## WORK TO BE COMPLETED
Write out every entry exactly; the pictures do not belong in the copy.

## MATERIAL PROVIDED
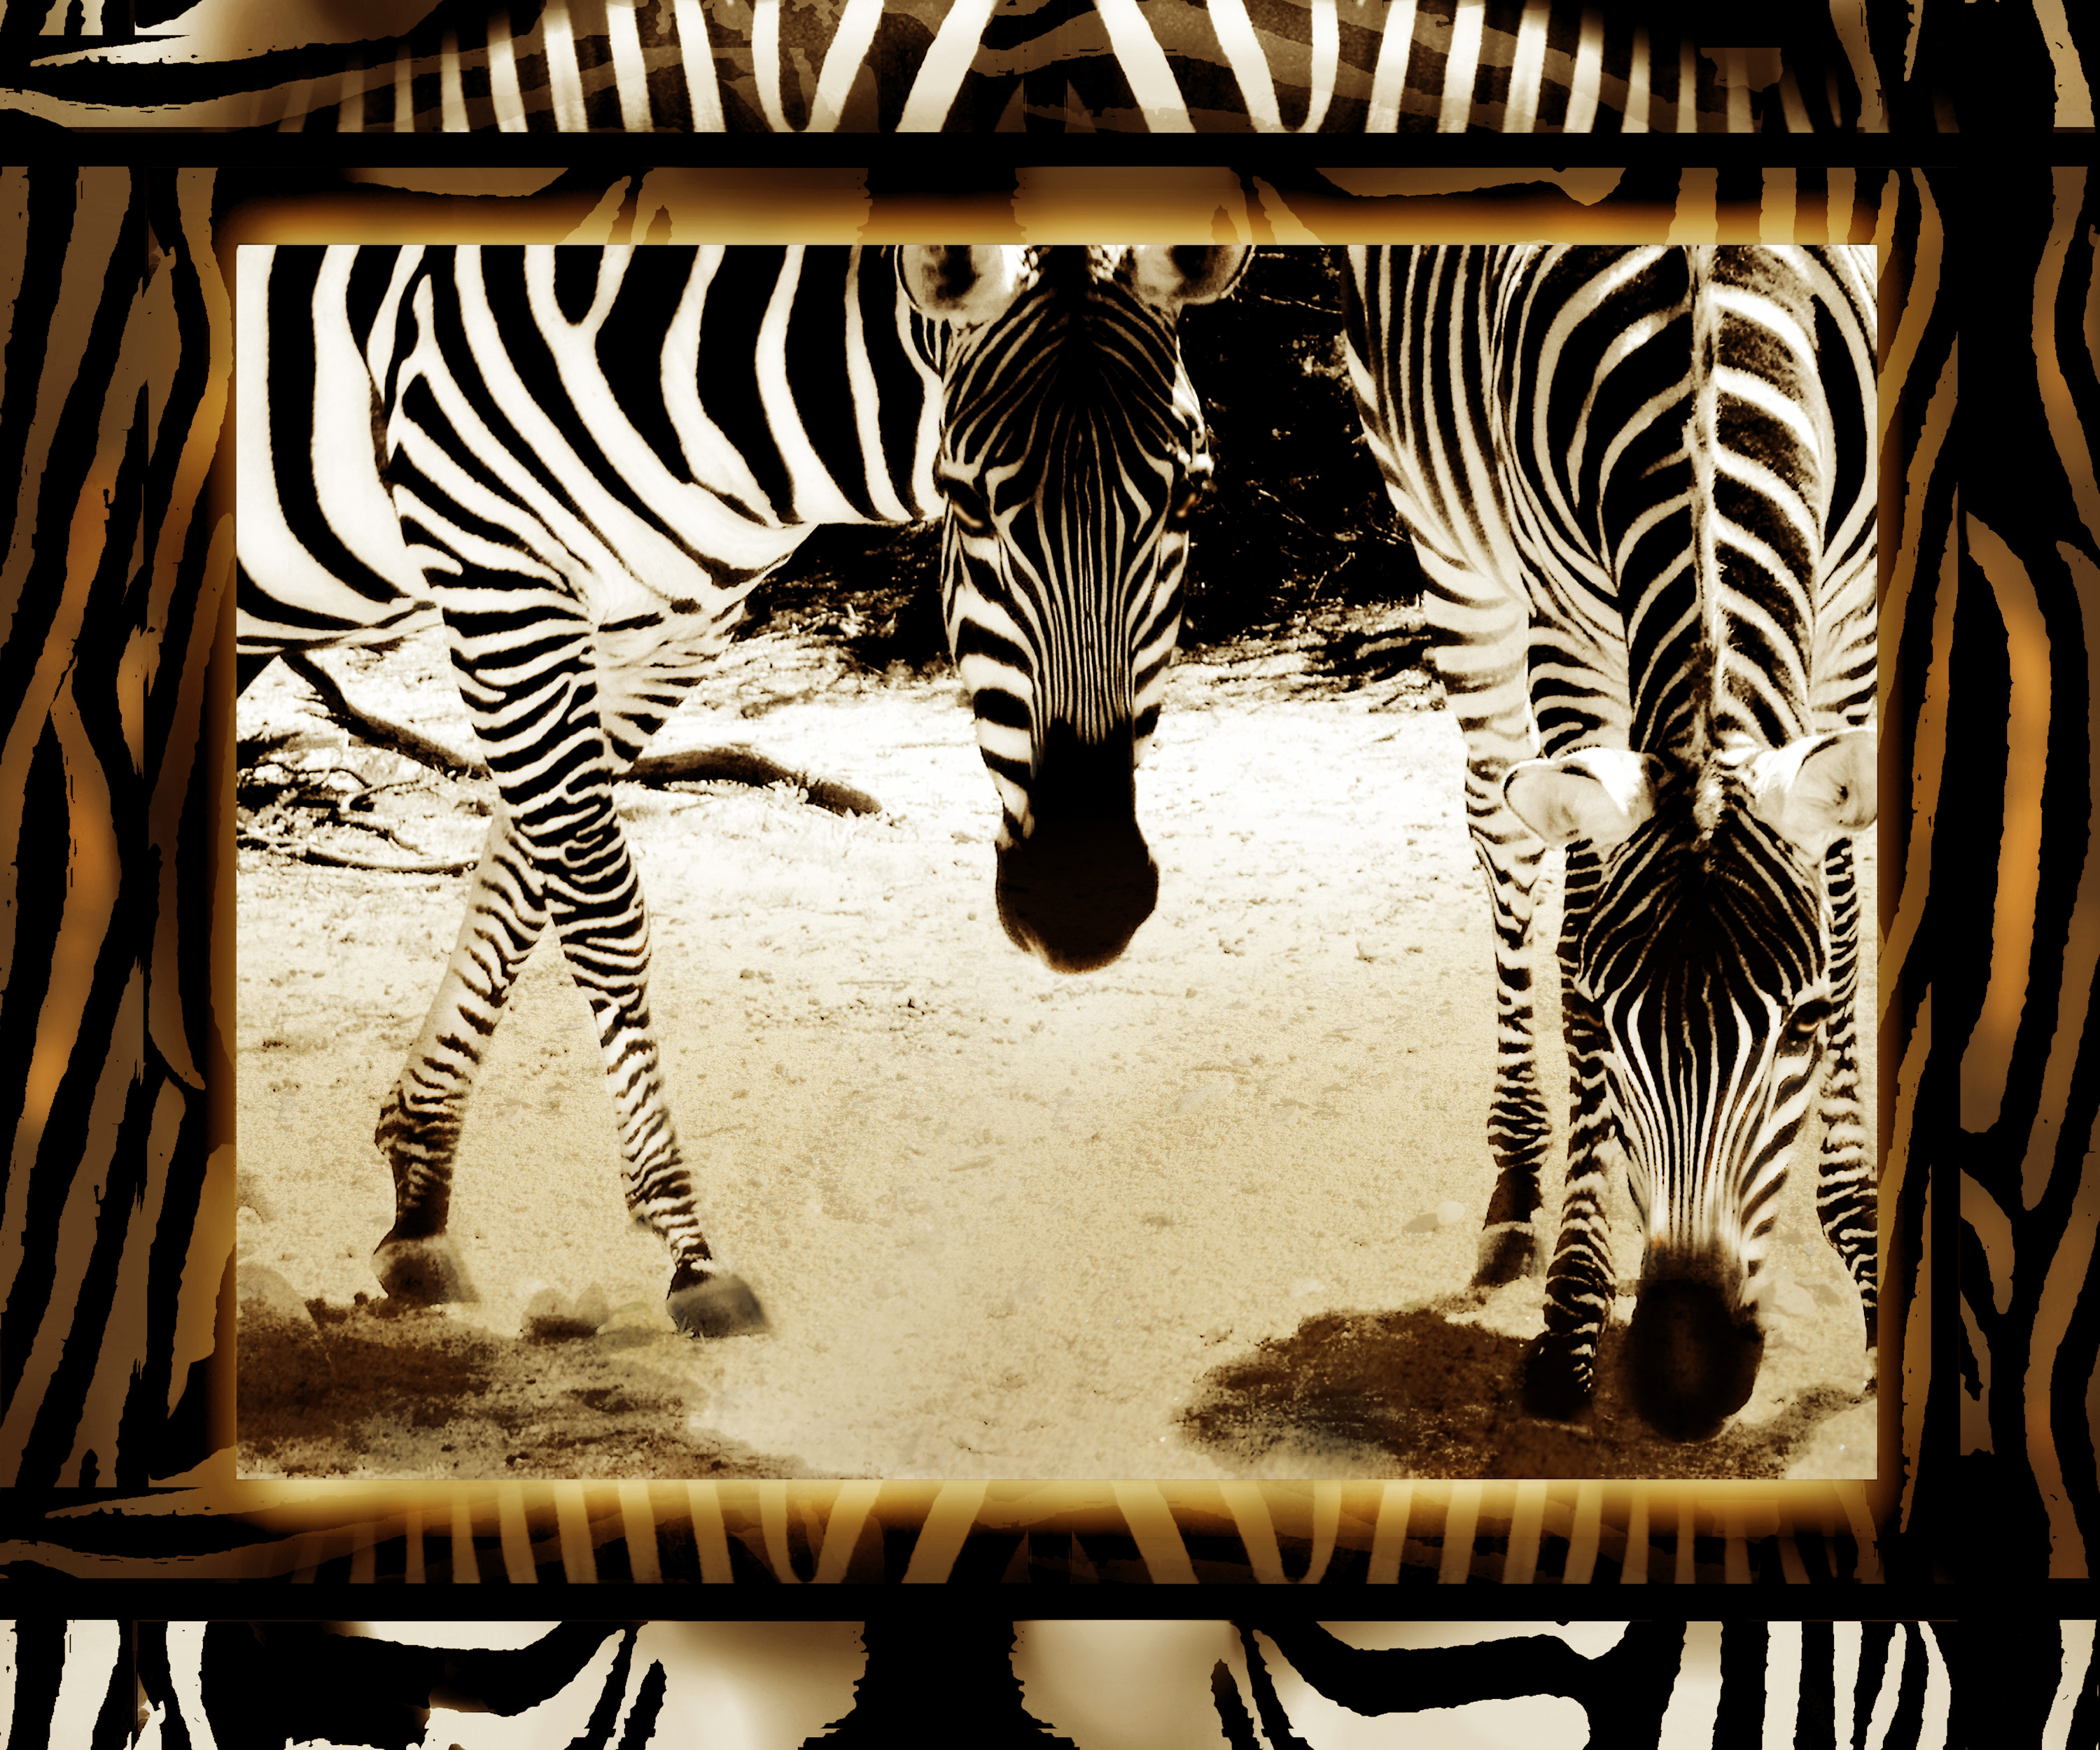 Twin zebras 36x30 july 2021r yngzei
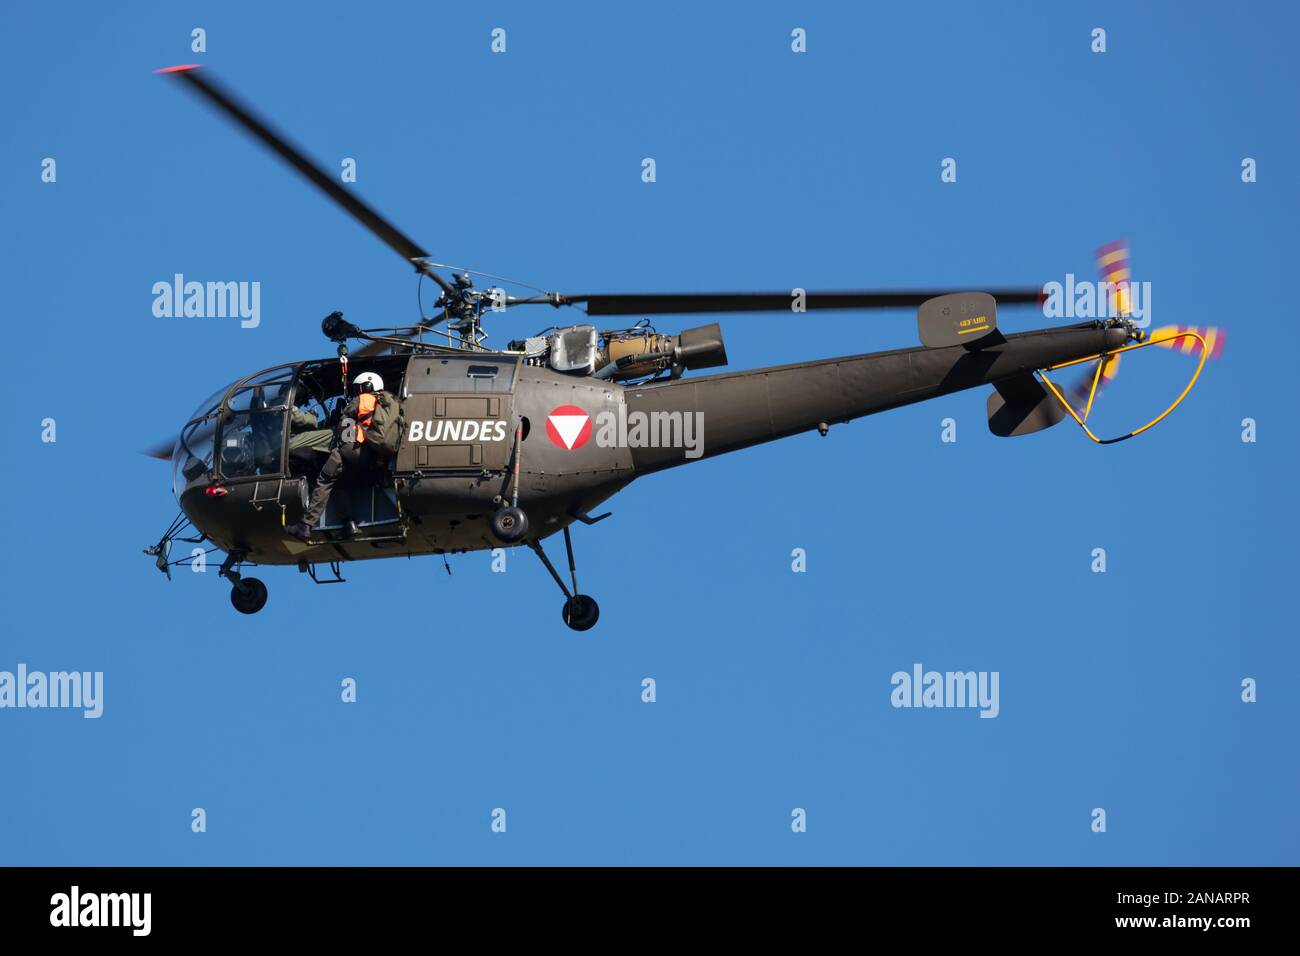 Zeltweg / Autriche - septembre 5, 2019 : l'Armée de l'air autrichienne Aerospatiale Alouette III hélicoptère volant à Zeltweg Air Base Banque D'Images
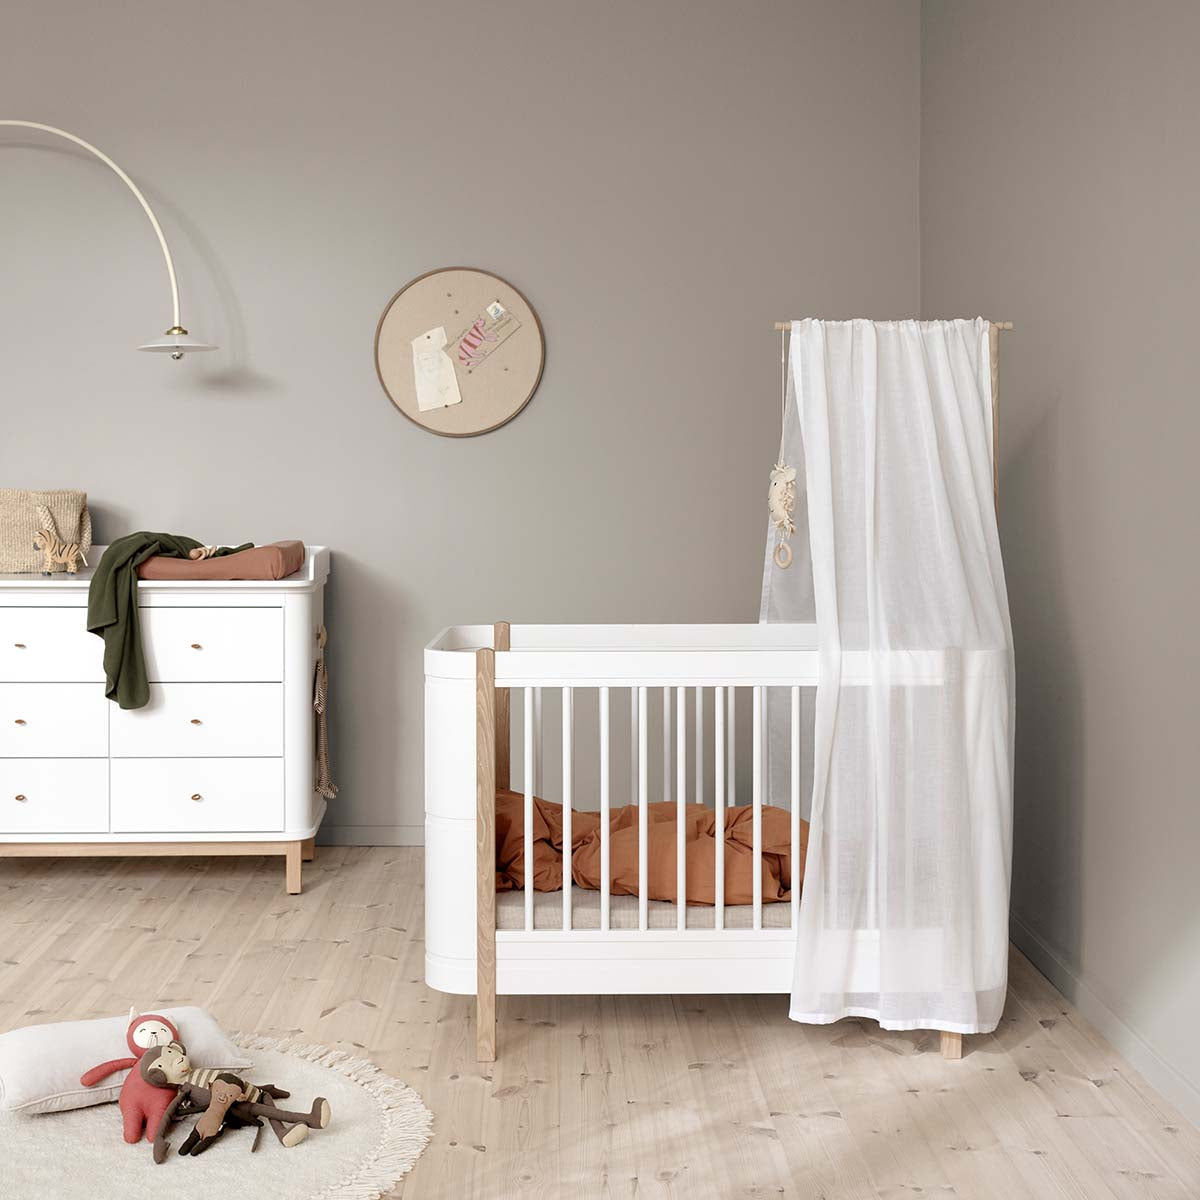 Babymöbel und Kindermöbel von Oliver Furniture, Quax, Leander, Moonboon, bednest
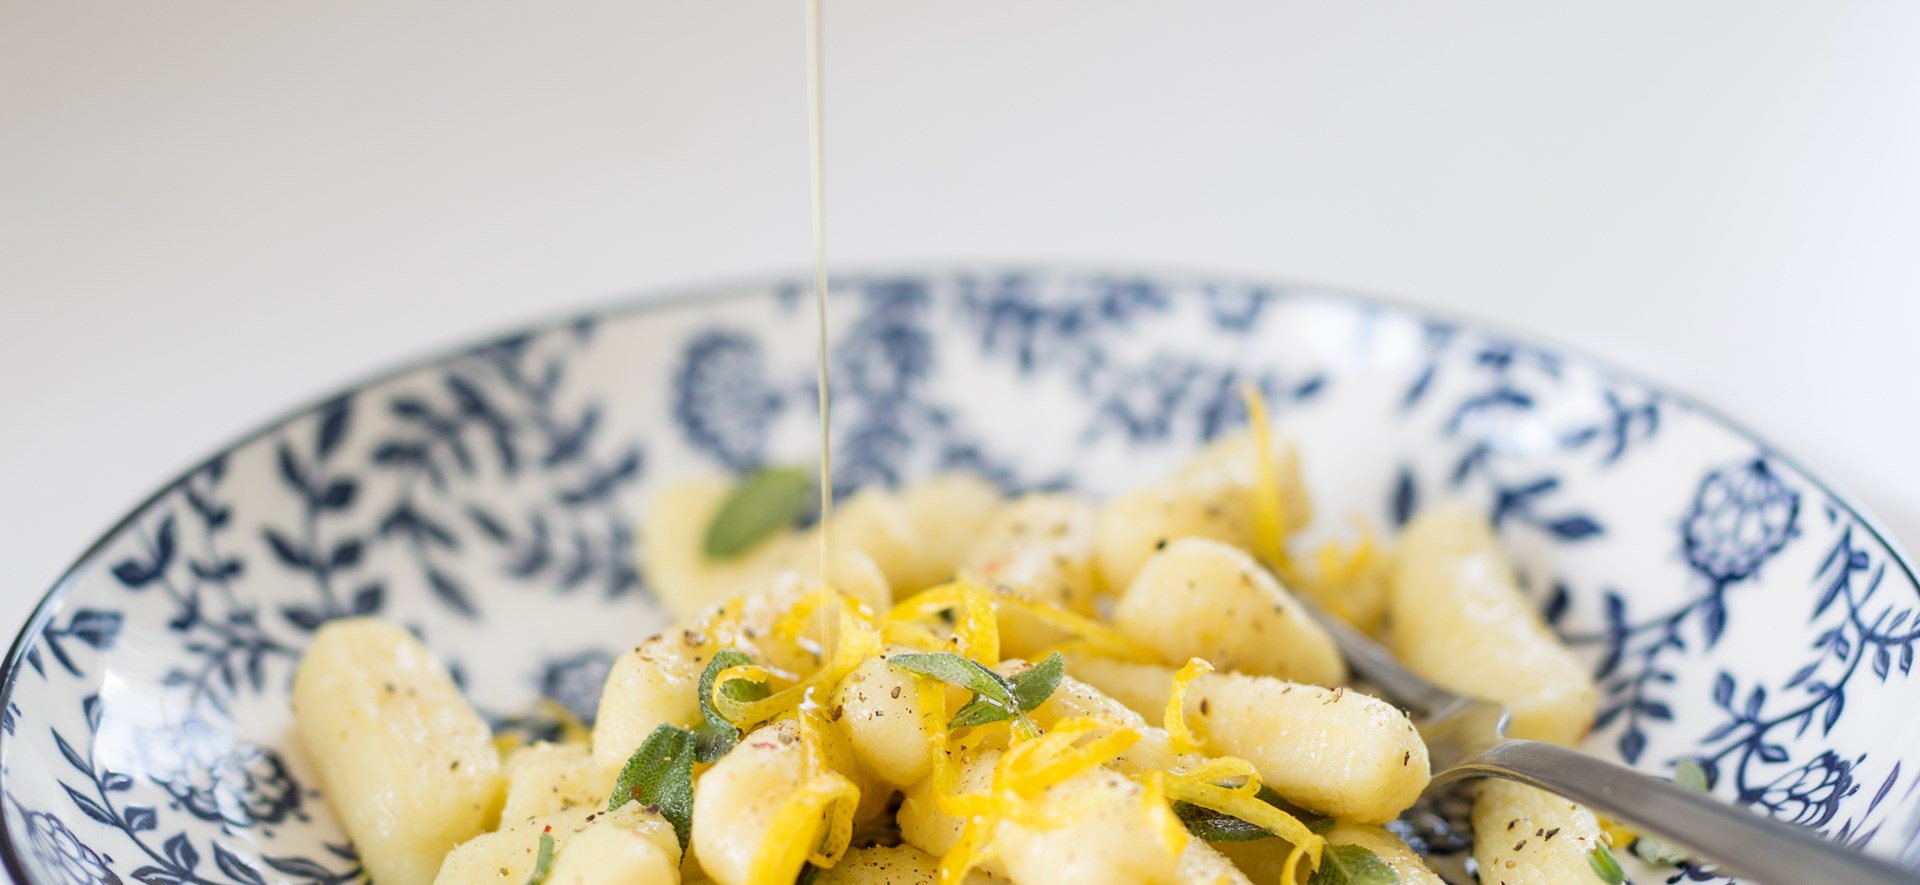 Bild zu Kartoffelgnocchi mit frischem Salbei und Zitronenzesten
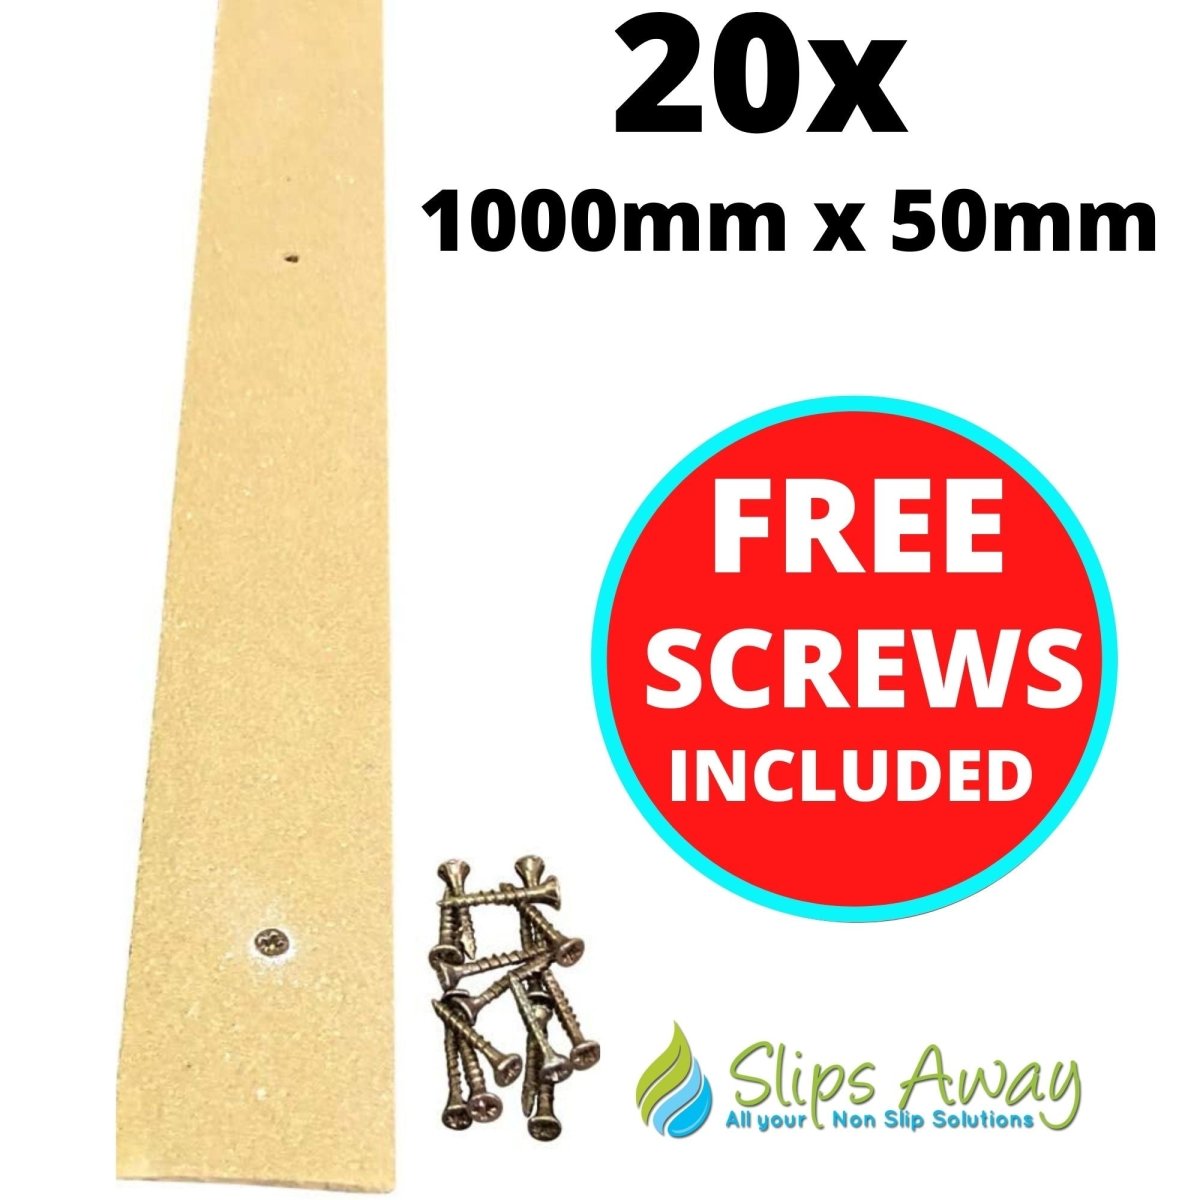 Beige Non Slip Decking Strips - Slips Away - decking strip beige 1000mm x 50mm 20x pack -

## RESULT OF THE TASK
 Twin zebras 36x30 july 2021r yngzei
 Zeltweg / Autriche - septembre 5, 2019 : l'Armée de l'air autrichienne Aerospatiale Alouette III hélicoptère volant à Zeltweg Air Base Banque D'Images
 Babymöbel und Kindermöbel von Oliver Furniture, Quax, Leander, Moonboon, bednest
 Bild zu Kartoffelgnocchi mit frischem Salbei und Zitronenzesten
 Beige Non Slip Decking Strips - Slips Away - decking strip beige 1000mm x 50mm 20x pack -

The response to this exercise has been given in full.